**Your assignment**
Would you transcribe the records below from the line with "Towbar electric kit" to the line with "Magento 2 payment gateways: Barclaycard", ends included, exactly and with nothing more, leaving the pictures out?

**Record set**
====================
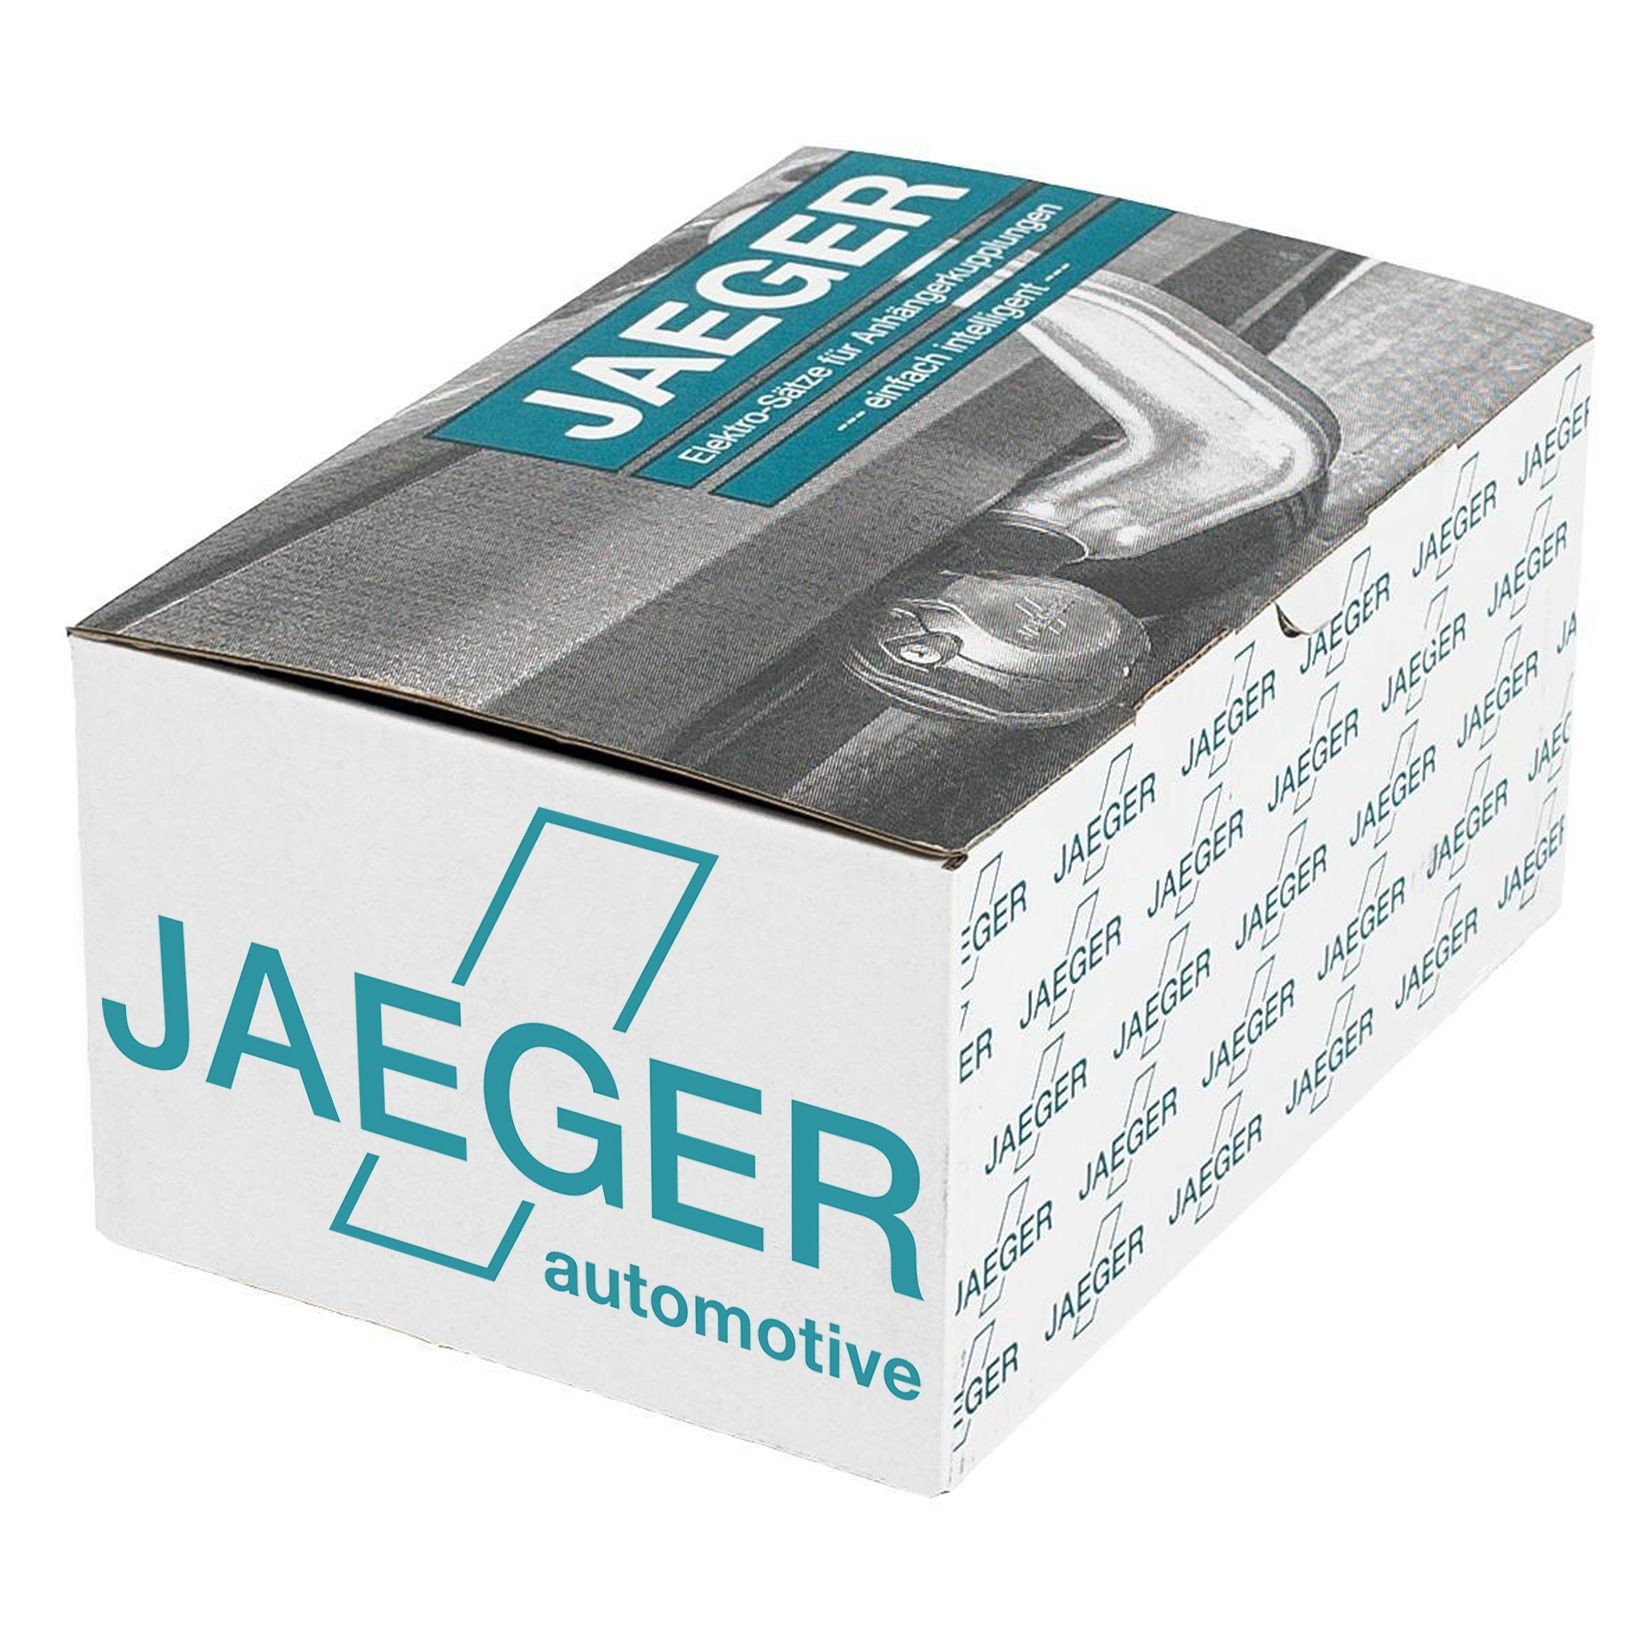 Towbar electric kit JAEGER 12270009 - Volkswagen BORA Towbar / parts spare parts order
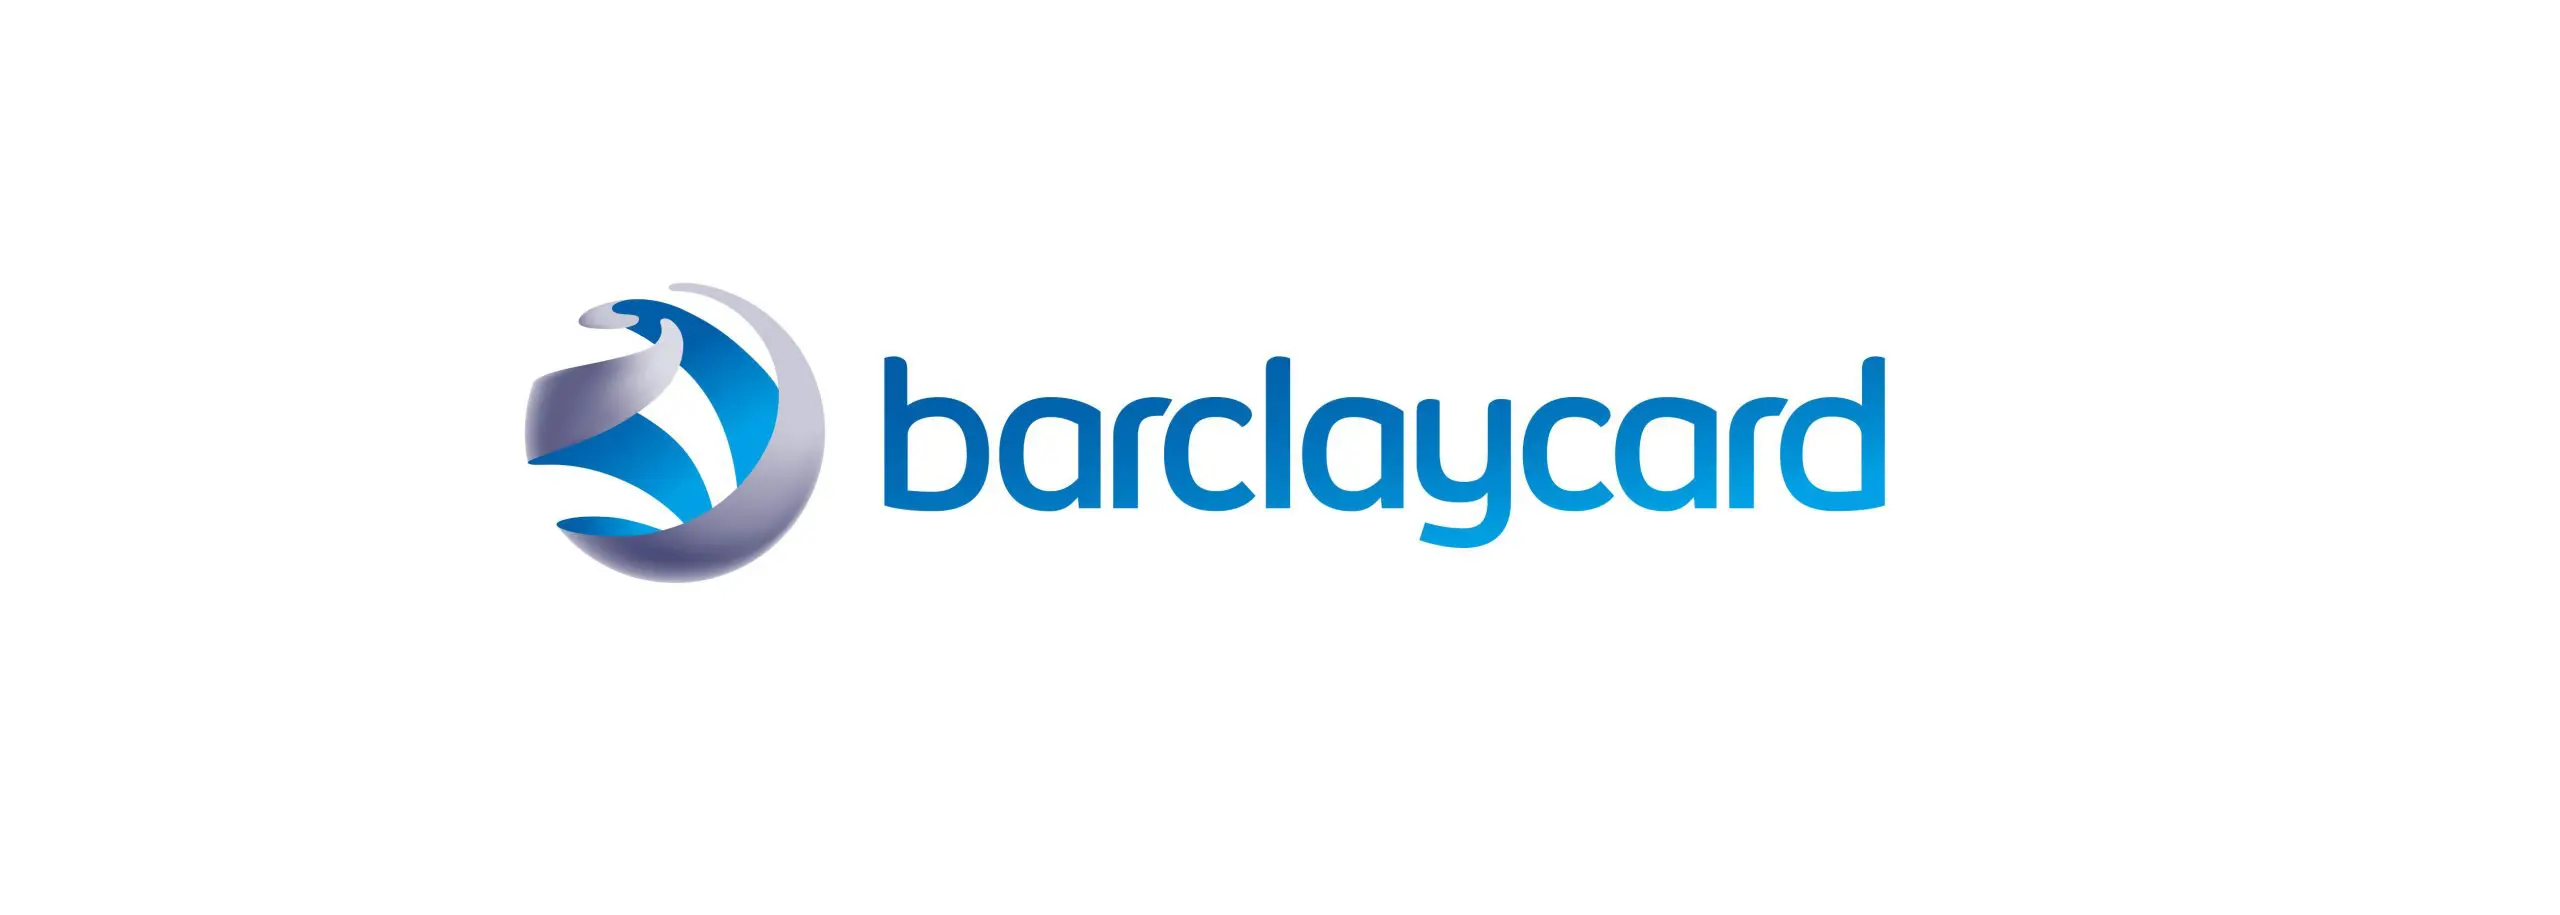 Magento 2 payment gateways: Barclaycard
====================
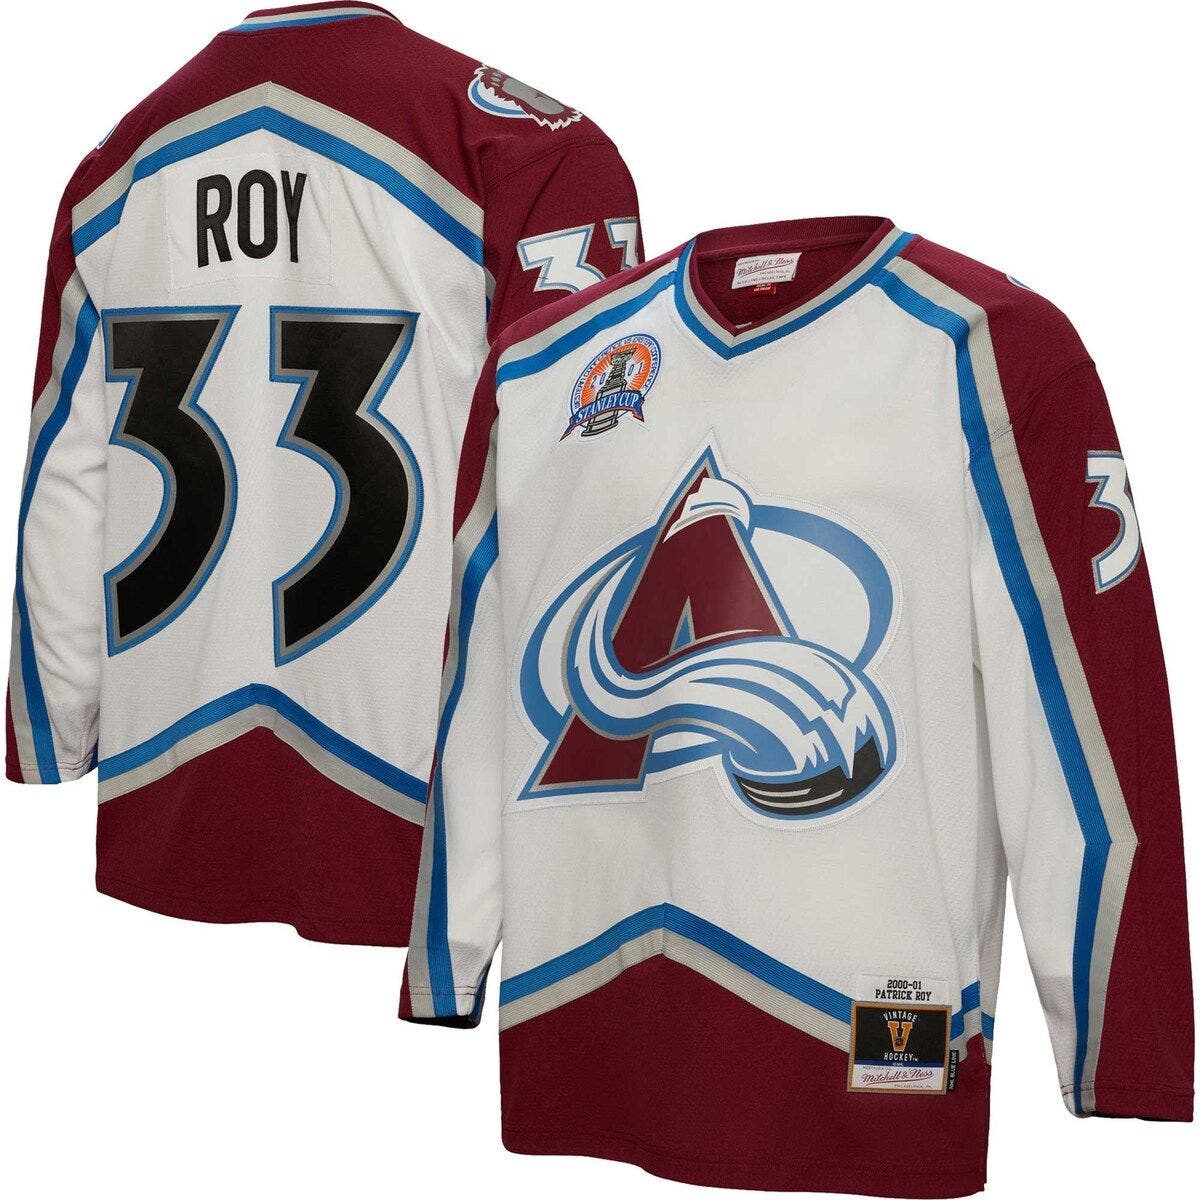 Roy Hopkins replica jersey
====================
**Solution to the exercise**
 Towbar electric kit JAEGER 12270009 - Volkswagen BORA Towbar / parts spare parts order
 Magento 2 payment gateways: Barclaycard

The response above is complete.